Stoneacre Motor Group
- Company type: Private
- Industry: Car Dealership
- Founded: December 1994
- Headquarters: Doncaster, United Kingdom
- Revenue: £982m
- Number of employees: 3,000
- Website: stoneacre.co.uk

= Stoneacre Motor Group =

Car dealership group based in the UK

Stoneacre Motor Group is a car dealership group based in the United Kingdom, having been established in December 1994. The company started trading by acquiring Stoneacre in 1994, a used car dealership based in Scunthorpe that had gone bankrupt. Stoneacre offers new and used car sales, as well as many aftersales services such as car servicing and MOTs. In the year to April 2019, Stoneacre had registered a turnover of £982m on its way to a targeted turnover of over £1 billion come 2020, while pre-tax profits rose to £17m (a 25 per cent increase year over year).

== Acquisitions ==
In December 2014, Staffordshire-based Randles Motor Group, with a turnover of £30 million, was acquired by the company. Stoneacre followed this up with the acquisition of the Chesterfield-based Autoworld, an £80m-turnover group, in 2015. Stoneacre added Honda and Mitsubishi to its portfolio in 2017 through the acquisition of Gilder Group in Sheffield and Rotherham.

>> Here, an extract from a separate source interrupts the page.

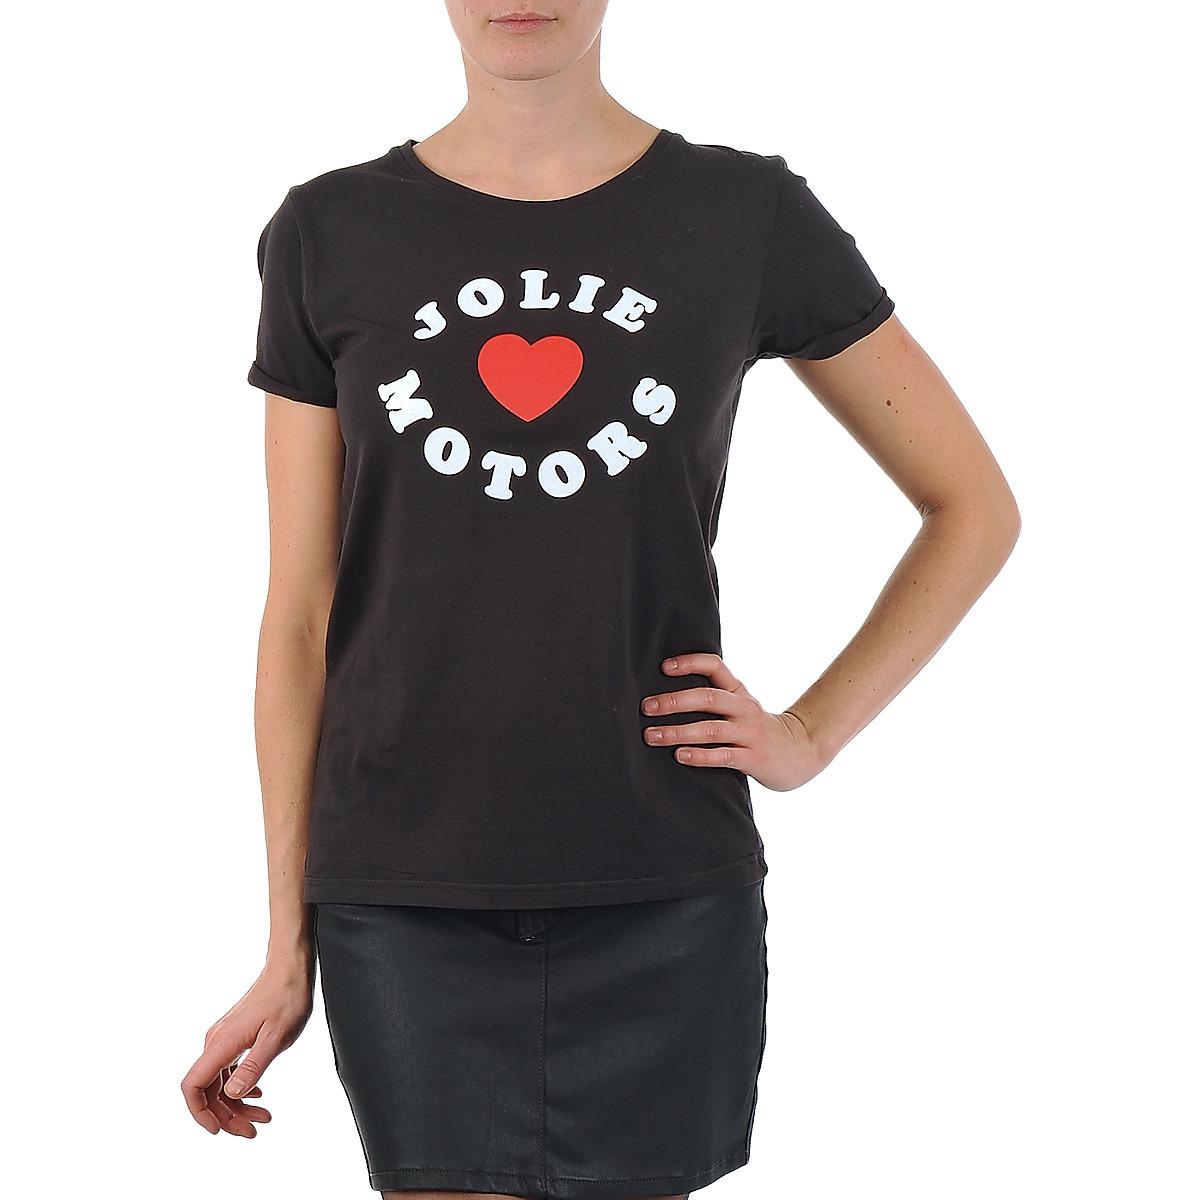 Kulte LOUISA JOLIEMOTOR 101954 NOIR Noir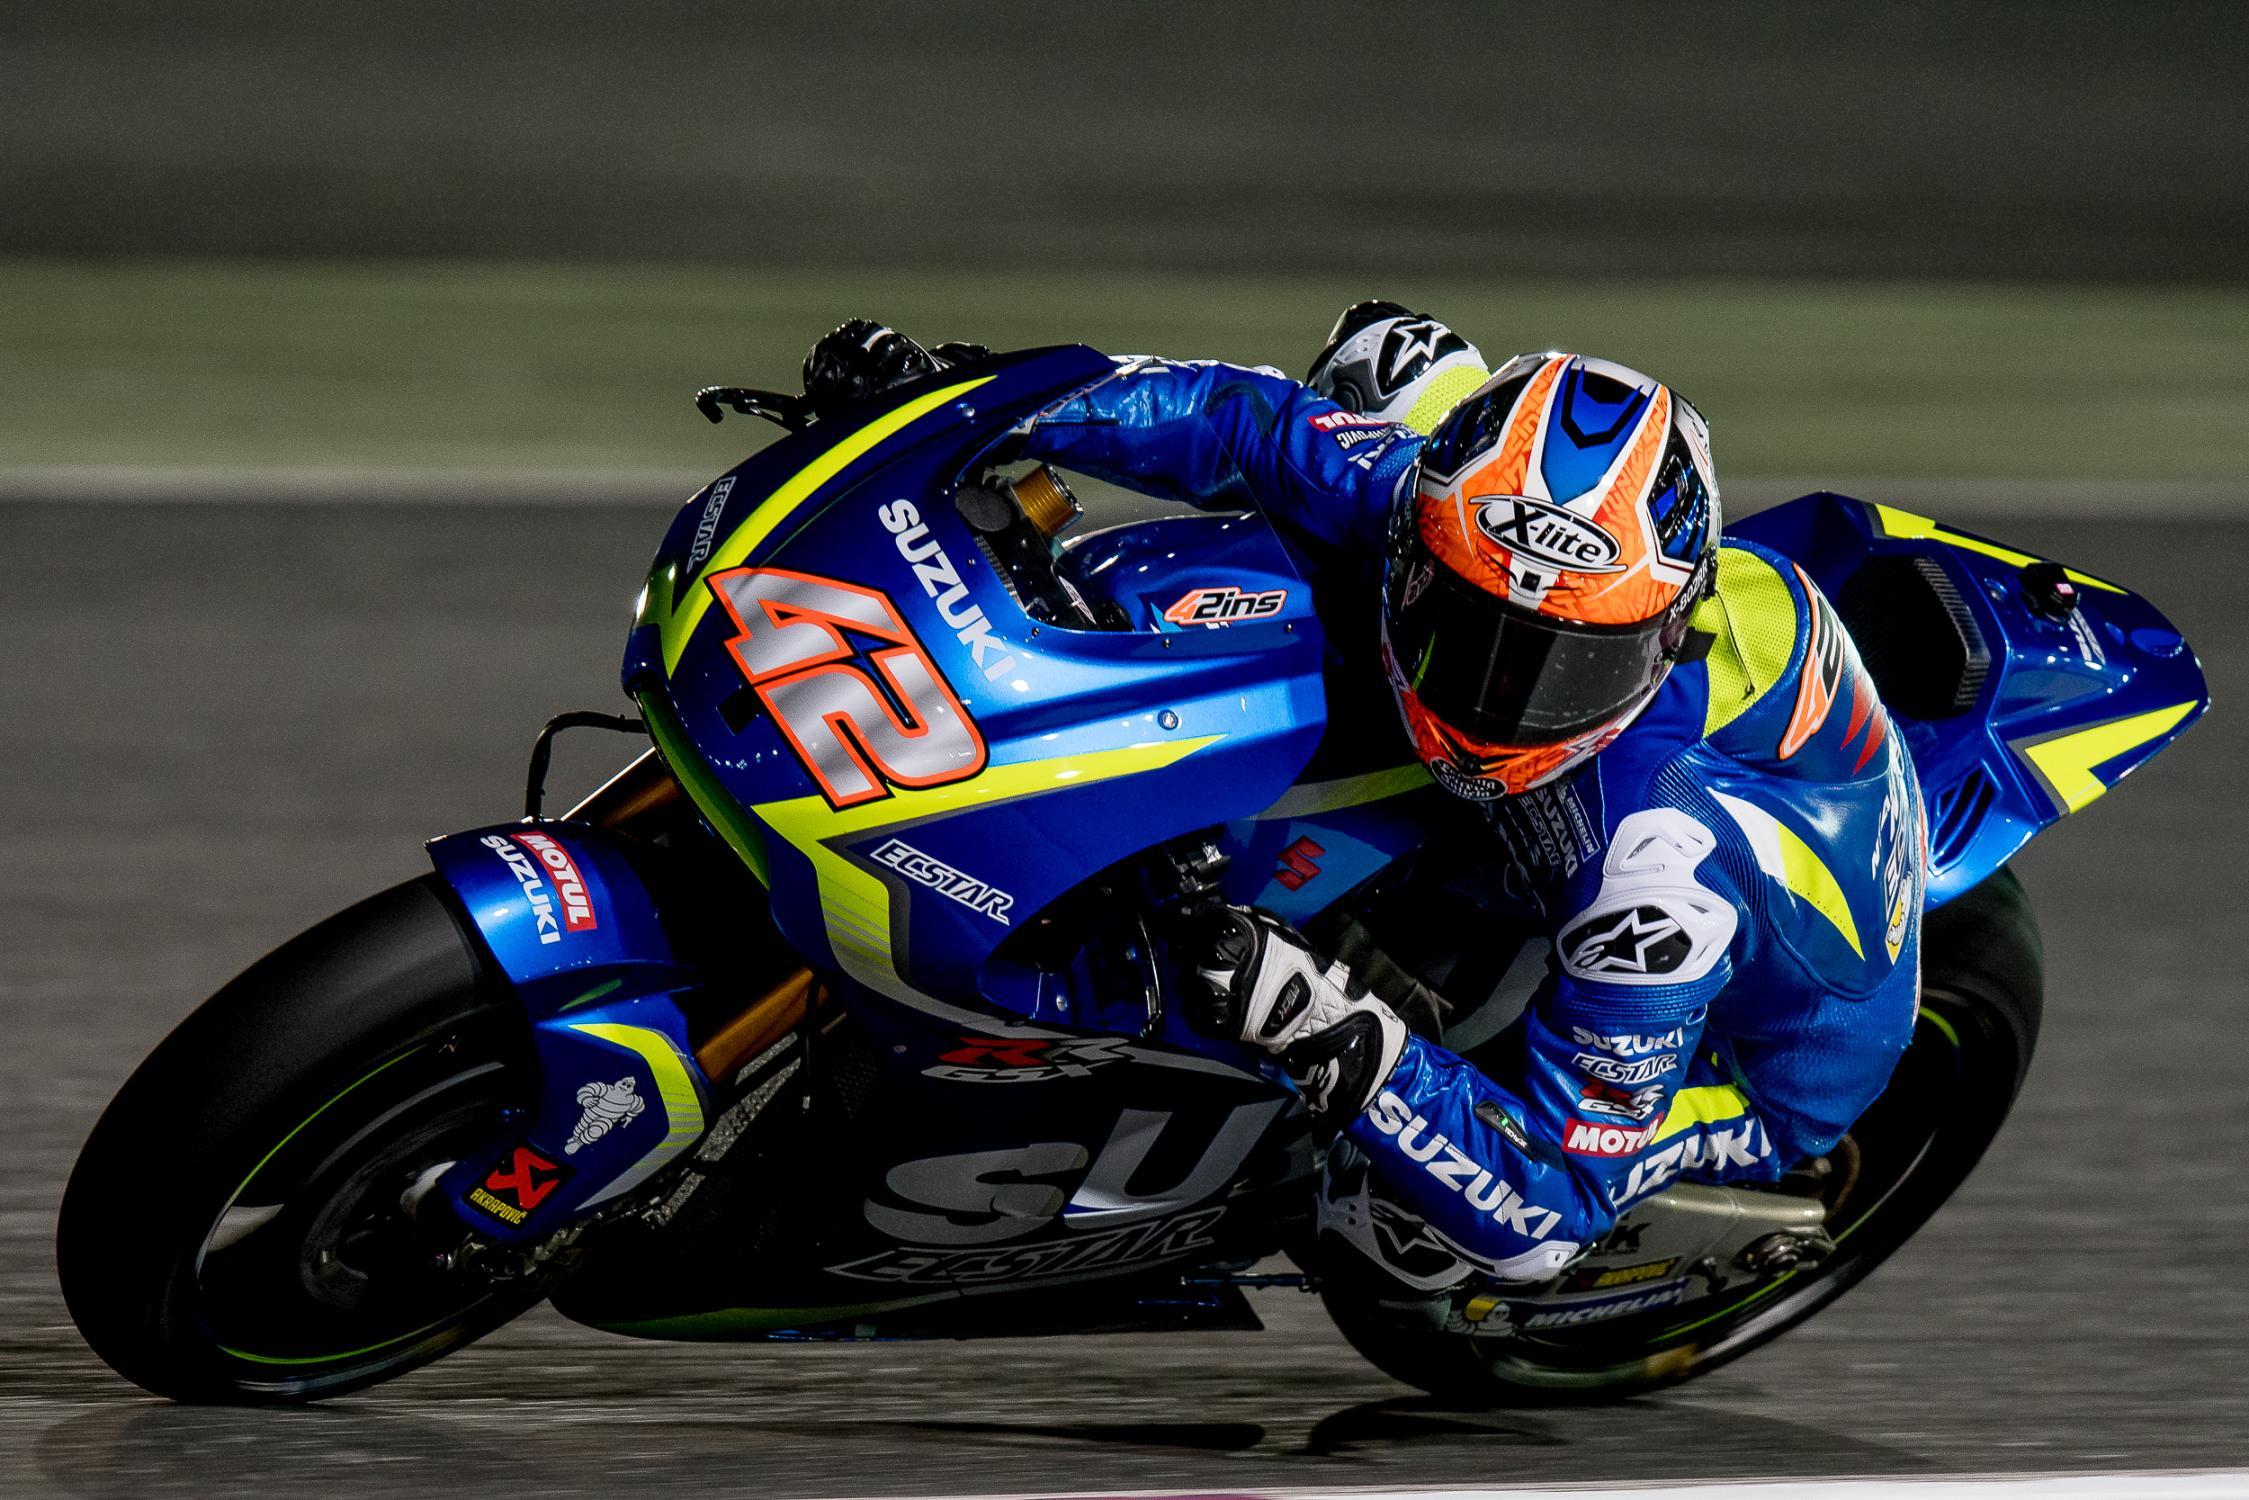 [MotoGP] Test Losail 42-alex-rins-espdsc_5736.gallery_full_top_fullscreen

In 2018, the franchise dealership completed multiple purchases, starting with the acquisition of Chris Variava in Nottingham, before obtaining two showrooms from Burrows Motor Company in Sheffield. In March, Stoneacre completed the purchase of Platts Garage in Stafford, a dealership with multiple franchises. Later in the year, the purchase of Mill Garages North East was completed, a Volvo dealership with three showrooms in the North East and one in Harrogate (Knaresborough). Initially delayed by the COVID-19 pandemic, Stoneacre completed the buyout of Hodgson Motor Group in the summer of 2020, adding Toyota to its list of franchises and four additional showrooms in the North East.

== Aston Martin ==
In early 2015, Stoneacre opened a purpose-built, 14-car Aston Martin showroom at Newcastle's Silverlink Retail and Business Park. The opening night of the showroom saw the public debut of the DB11, which kick-started the Gaydon firm's 'Second Century' plan, with then Aston Martin CEO, Andy Palmer, also in attendance.

== Stoneacre Cup ==
June 2019 saw the inaugural Stoneacre Cup take place at the Keepmoat Stadium in Doncaster—Doncaster Rovers' home ground—organised through Stoneacre's sponsorship of the South Yorkshire football club. The aim of the Stoneacre Cup is to invite local primary schools in the Doncaster area to play in an inter-schools football tournament, with eight teams playing in this first running of the competition. The Covid outbreak halted plans for a second running in 2020.